Measurements work because they focus on the human being and the endless nuances of the human body. Universal Standard's cofounder Alex Waldman echoes Dunn's thoughts about people's hesitancy to be measured, telling Bustle that this could stem from something as simple as unfamiliarity or just not owning a measuring tape. In any case, the mere existence of sizing calculators is proof of people's desire for the comfort and ease of answering a few questions in a quiz and having your size pop out at the end of it. At Universal Standard, which offers sizes 6 to 32, the brand recognizes this and is using slightly different tools to help people find their size.

In May 2018, the brand implemented the "See It In Your Size" feature, showing their clothing on a model of every size available on the site. This is costly, but important, Waldman tells me.

"We photographed every item in every size on a fit-model so our customers could better understand and visualize how items will fit their unique bodies to make an informed decision," Waldman says.
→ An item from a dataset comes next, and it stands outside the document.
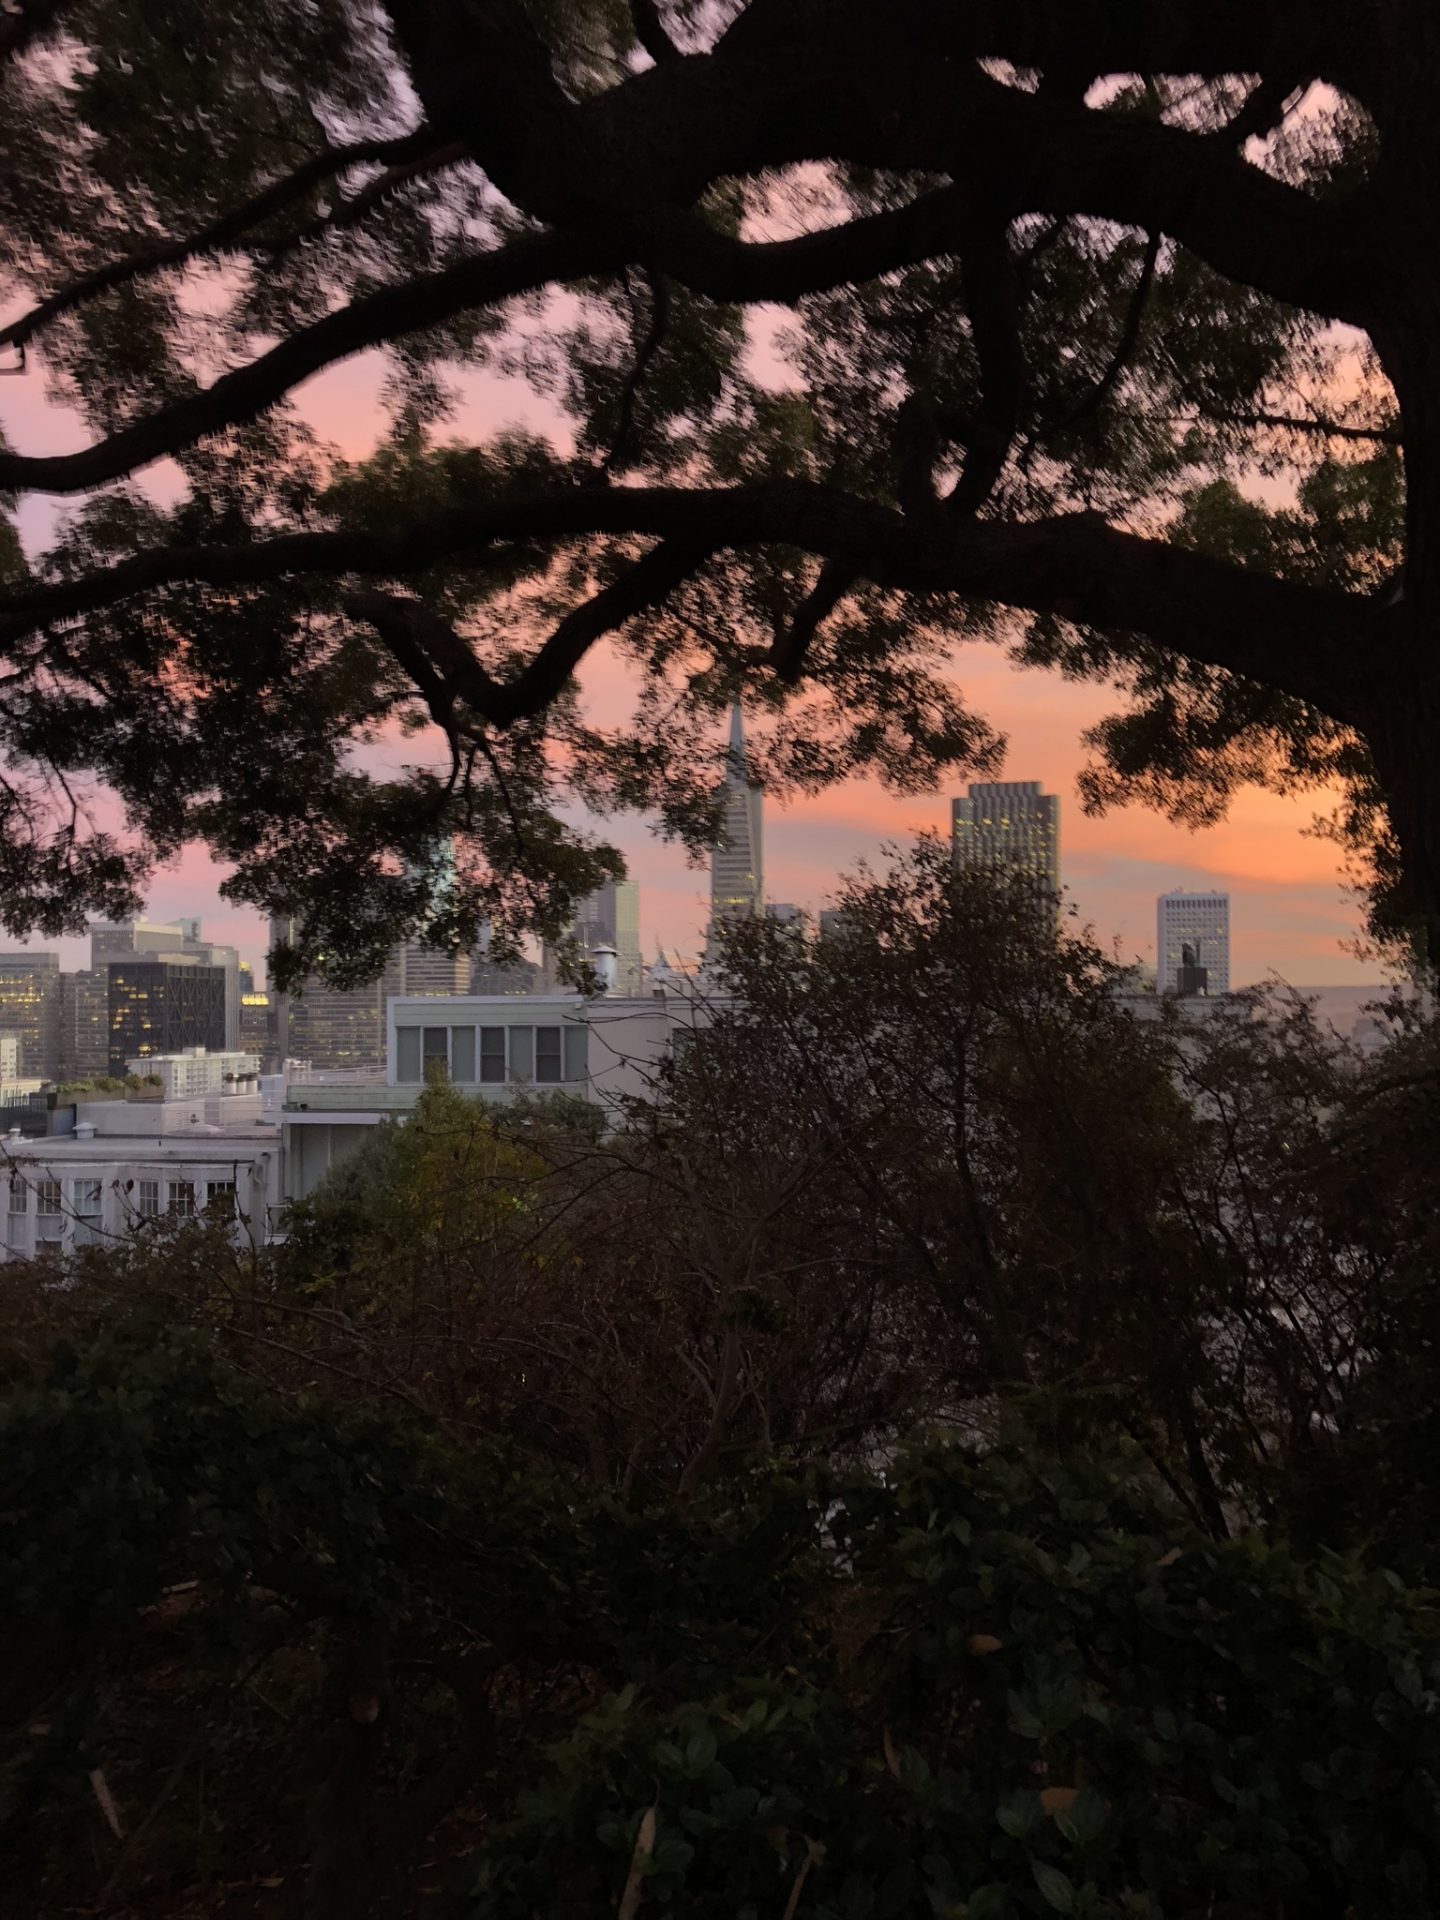 Sunset views from Coit Tower, San Francisco

Waldman says that See It In Your Size is important to Universal Standard because fit, though tricky, is so incredibly important to the brand. It's also the reason that the brand allows customers to exchange pieces from its core collection up to a year after purchase for new ones in a different size, if the customer should gain or lose weight. Waldman tells Bustle she always suggests women get measured so they should know their dimensions, but when it comes to your basic online size calculator, she acknowledges that "there’s just something about trying to quantify the diversity of the body through three numbers that never actually works."

Tools like ThirdLove's Fit Finder, Universal Standard's "See It In Your Size," and campaigns like SmartGlamour's #measuremebeautiful are all very different solutions to one major problem: sizing is complicated as hell and irreversibly intertwined with the fact that every single human body is different. This is the exact reason why size calculators exist and the exact reason why they'll never really work — not without a human element, anyway.

Courtesy Universal Standard

It's easy to think of clothing in terms of numbers and to boil it all down to numerical sizes, hip and chest measurements, statistics and standards. But when you focus on this human element of sizing — that behind every size is a body and behind every body is a person who just wants to feel good in clothing and always deserves to, the easier it becomes to focus on truly helpful tools in sizing.

When I took that first size calculator quiz that said there was nothing available on the site for the fake 90-pound version of me, my first instinct was to blame myself. I sat there thinking that the problem was me and my body, my weight. In reality, the whole damn system was broken. That tool might have been malfunctioning to begin with, but even if it wasn't, it is still impossible to boil down sizing from height and weight. Sizing is so much more than that, and so are people. The only way sizing works — and the only way it becomes more inclusive, for that matter — is if the industry realizes that.